Expert: Cybersecurity incentives, not mandates, needed

01.05.2009
The U.S. Congress should look to provide incentives for private businesses to adopt stronger cybersecurity practices instead of creating new mandates, one information security expert told a congressional subcommittee Friday.

Eighty percent to 90 percent of cybersecurity problems can be fixed if businesses follow established best practices, and the government can help by offering incentives such as small-business loans, insurance and awards programs, said Larry Clinton, president and CEO of the Internet Security Alliance, a security advocacy group.
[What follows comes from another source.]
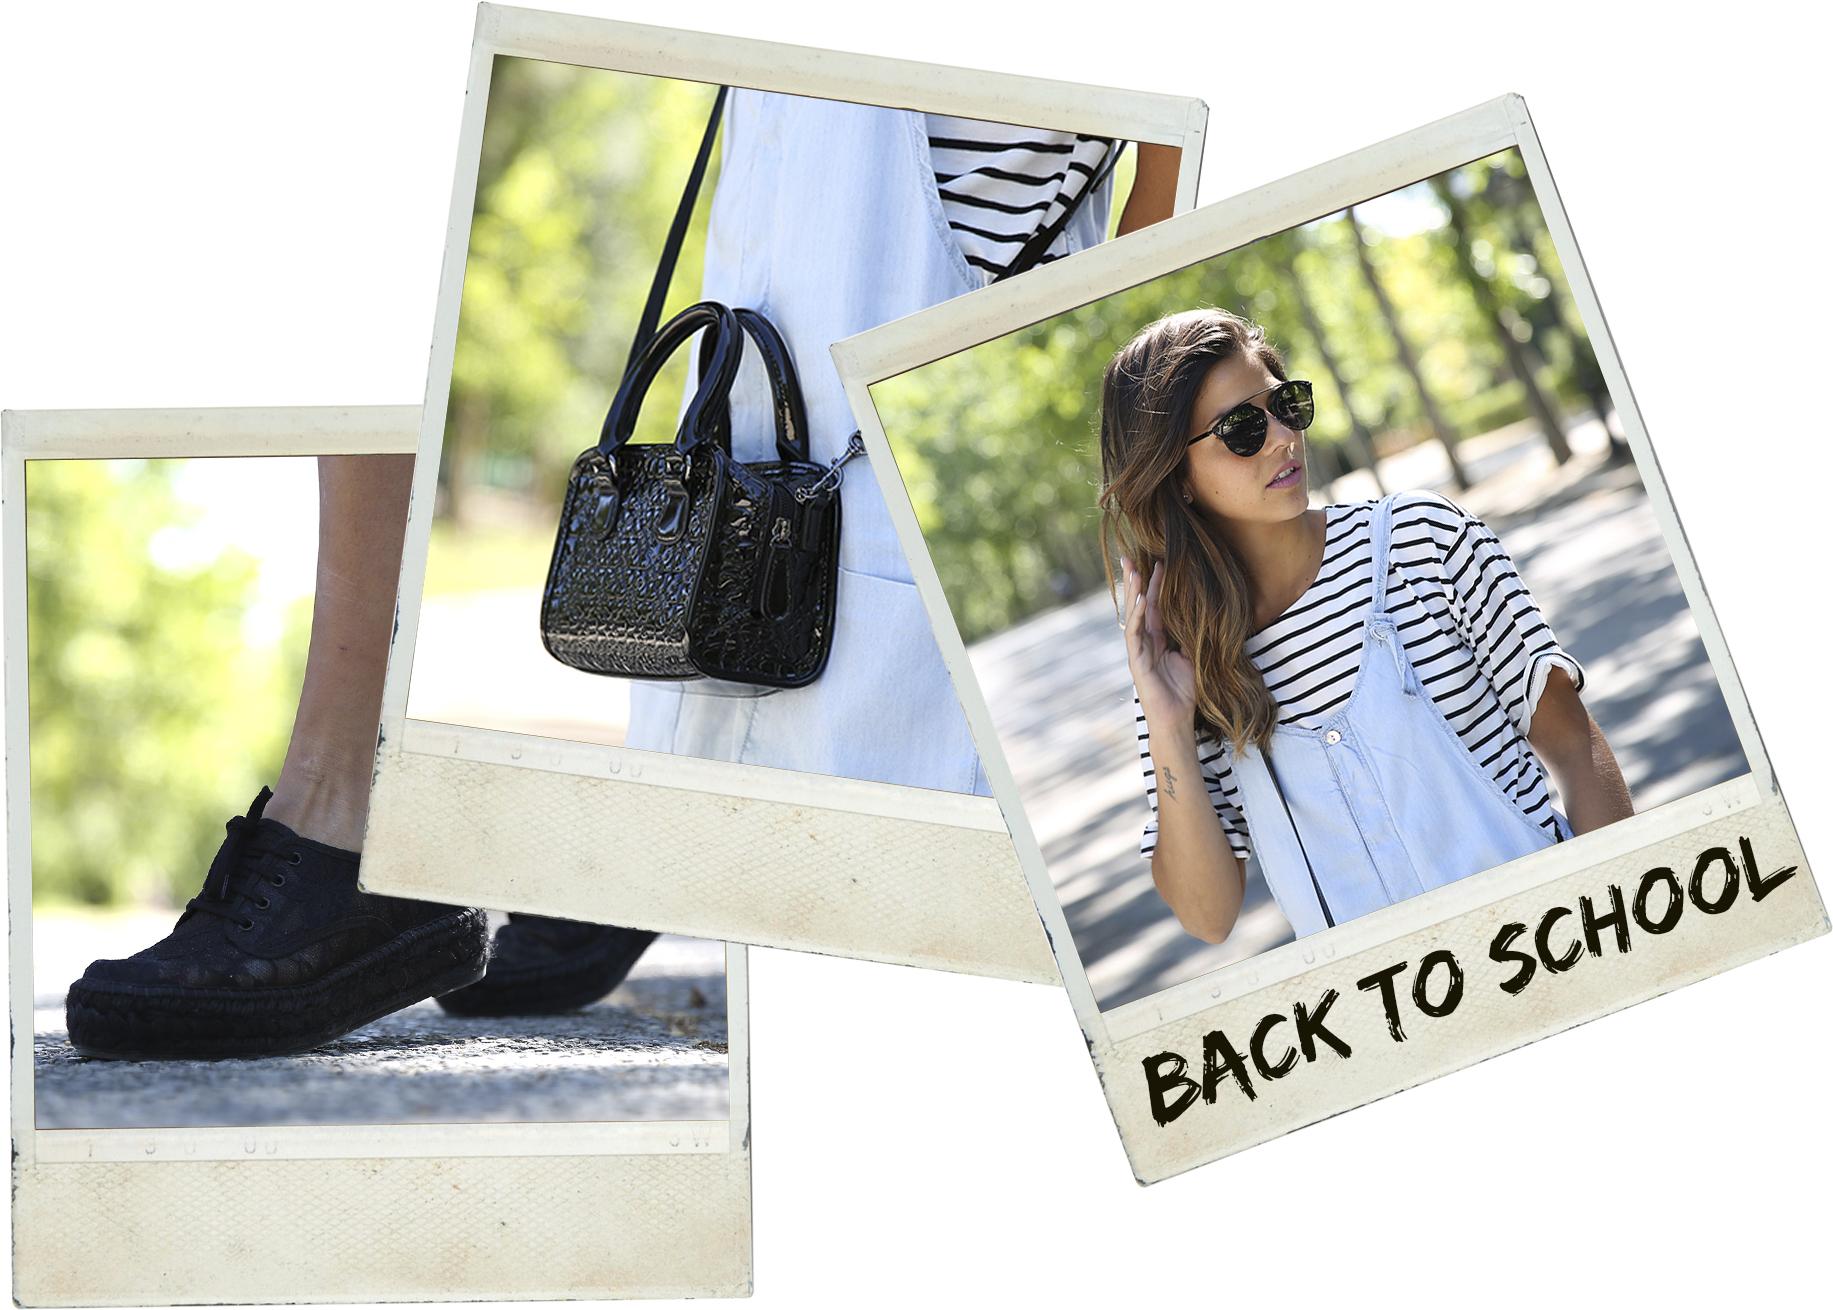 trendy_taste-look-outfit-street_style-ootd-blog-blogger-fashion_spain-vaquero_claro-peto_vaquero-tirantes-striped_tee-camiseta_rayas-marinero-dior_sunnies-gaimo-polaroid

In recent weeks some lawmakers and cybersecurity experts have called for new cybersecurity regulations, but regulations would be static in a quickly changing field and could put U.S. industry at a competitive disadvantage, Clinton said. In addition, U.S. regulations would reach only to the nation's borders, he added.

"This is an international problem," Clinton said during a hearing before the House Energy and Commerce Committee's Subcommittee on Communications, Technology and the Internet. "We need a better system -- a 21st-century system."
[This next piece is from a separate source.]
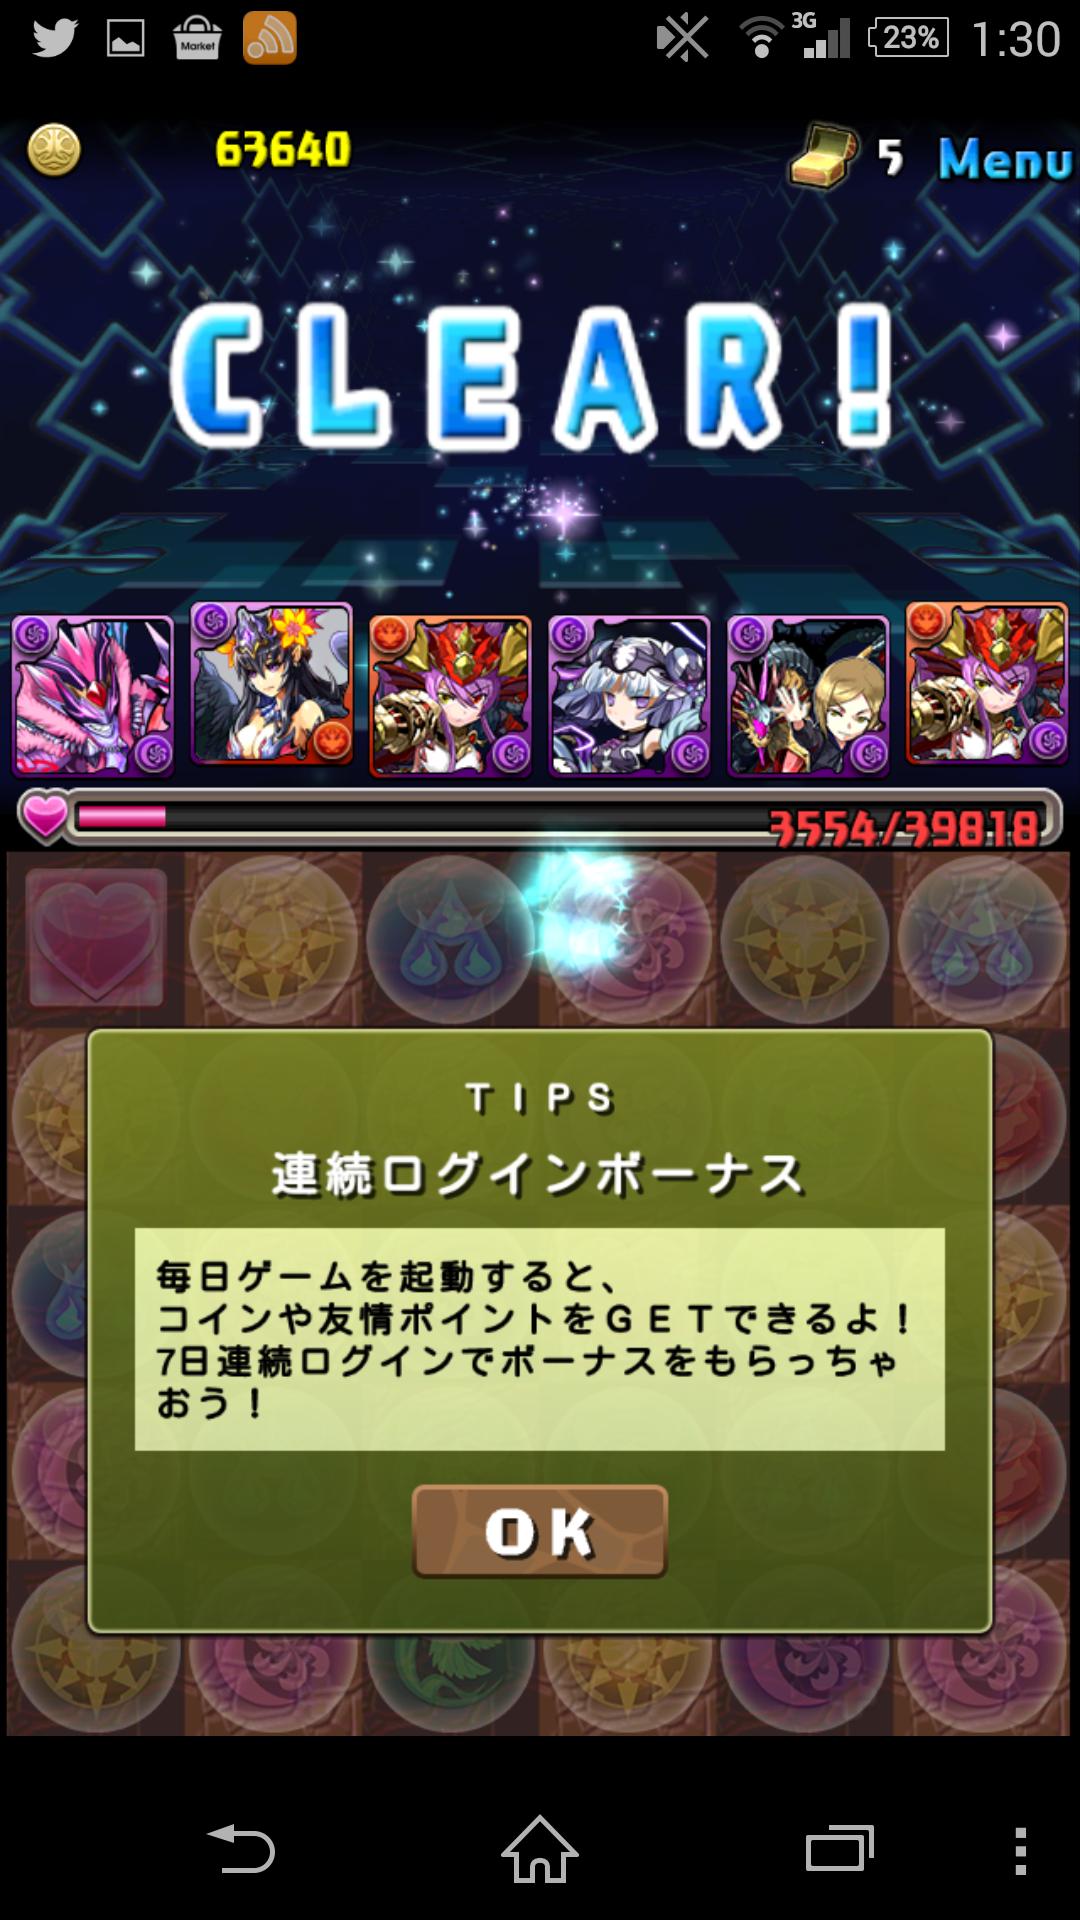 Screenshot_2014-12-19-01-30-14.png

Under the administration of former U.S. President George W. Bush, the government took a largely hands-off approach and waited for private market incentives that never materialized, Clinton said. Instead, government must to provide incentives for cybersecurity, including liability protections and procurement awards, he said.

"What we're trying to do here is change the economics of cybersecurity by constructing a market that makes private organizations want to continually invest in cybersecurity in their own economic self-interest," Clinton said. "Only then can we create the sort of sustainable and evolving system of cybersecurity we need."